The second manuscript, VAT 7825 (CCP 3.1.20.B.b), was found in the course of uncontrolled excavations in Uruk, probably in the area of the Rēš Temple. In fact, its colophon states that its scribe (Tanittu-Anu, son of Anu-balāssu-iqbi, of the Ahuʾutu family) copied it “and deposited it in Uruk and the Rēš temple” (r 12'). The text was copied on 30 April 232 BCE. One may speculate that, if Iqīšāya's library was integrated into the Rēš Temple at some point of the 3rd century BCE, Tanittu-Anu may have copied his manuscript directly from W 23300. Both tablets are indeed almost identical.
The commentary is mainly concerned with making specific what in the base text is ambiguous. These specifications are based on a number of different factors, only some of which can be explained. Astronomical interpretations are prominent: for instance, lines r 12’-13’ explain the omen in the base text “(If) Papsukkal rises and stands present with the sun” (= Enūma Anu Enlil XX §XII) as meaning that “the moon god in the constellation Sipazianna caught up with Saturn.”

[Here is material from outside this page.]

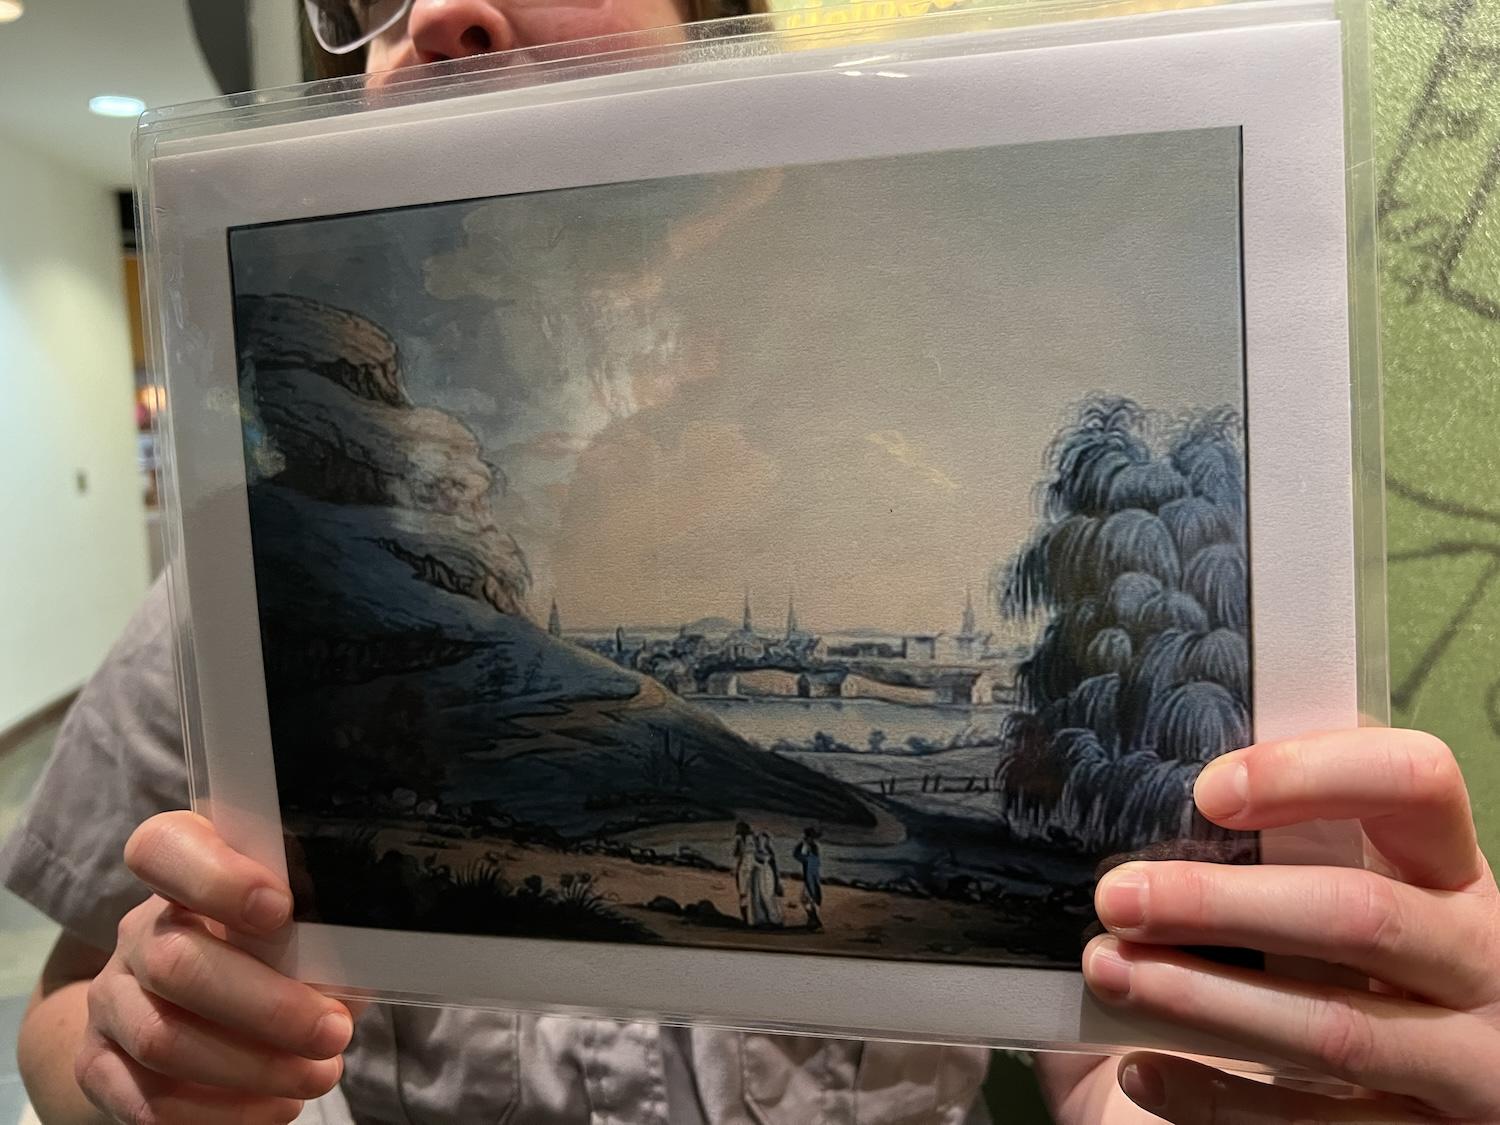 Ranger Bethany Burnett shows a 1798 image of how Manhattan looked when it was a hilly wilderness with a large lake.
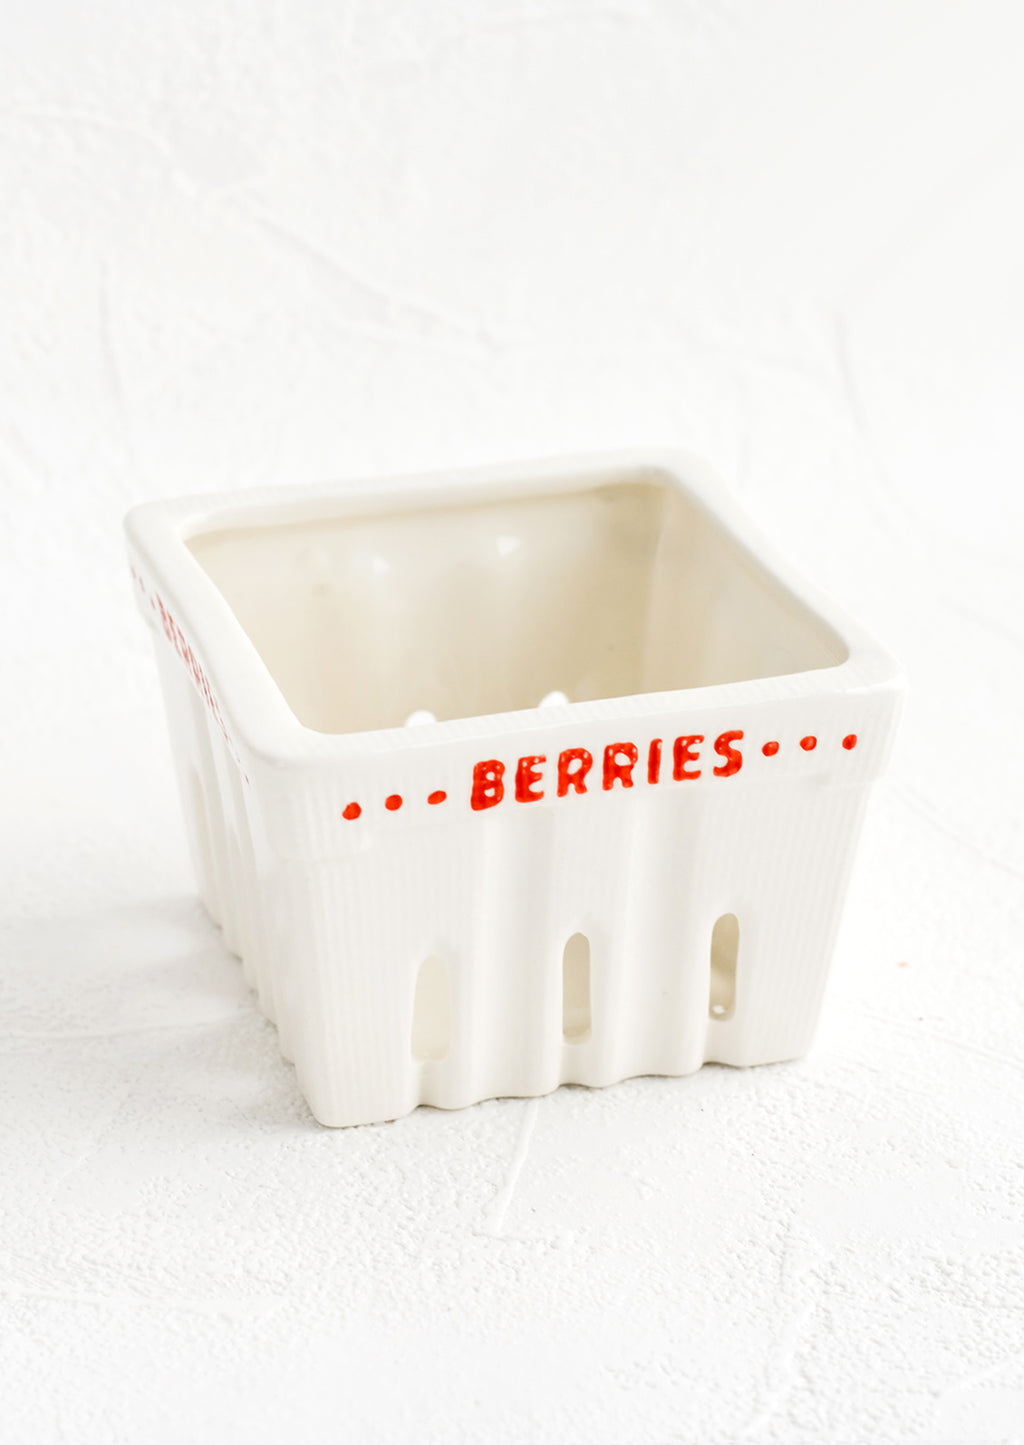 Berries: A white ceramic basket designed to look like a berry basket with "Berries" printed in red lettering.

In other instances the specification is not based only on astronomical factors. Thus, lines o 10-13 explain the line in the base text “The god (sc. the moon) in whose eclipsing the dawn watch begins and delays for ⅓ of a watch” (= Enūma Anu Enlil XX §I 8) first by paraphrasing it as “the eclipse took place during the dawn watch, and set while eclipsed”; then the commentary proceeds to justify this translation. Since the night was divided into three watches, “⅓ means one third of the night, (i.e.) the third watch”: the third watch is the dawn watch. The commentary then offers an alternative interpretation: “what it says, ⅓, can (also) mean that (when) one third of the cusps of the god (i.e., the eclipsed moon) remained to dawn, he (sc. the moon) set in obscurity.” In this alternative explanation, the fraction is said to refer to the shape of the moon when it set. Thus, this commentarial entry provides two plausible specific explanations for a rather ambiguous base text.
Although philology is only of secondary interest to the author of this commentary, there are some attempts at elucidating philologically difficult expressions in the base texts. For instance, the rare phrase mātu sakiltu, lit. “an imbecile land,” is said to mean “Elam” (o 23).
The following technical terms are used in this commentary: aššum (r 7’), ina libbi… iqbi (o 7), ina muḫḫi… qabi (o 2), and ša iqbû (o 13 and 18).
Many of the explanations of the present commentary, especially those on the reverse of the tablet, have been studied in detail by al-Rawi & George, a study to which the present edition is greatly indebted. Additionally, this edition has benefited from the electronic editions of the two manuscripts prepared by Eleanor Robson for the GKAB project, which were kindly made available by their editor.
The manuscript VAT 7825 was collated in the Vorderasiatisches Museum in June 2016. Several new readings on the badly damaged obverse could be obtained then.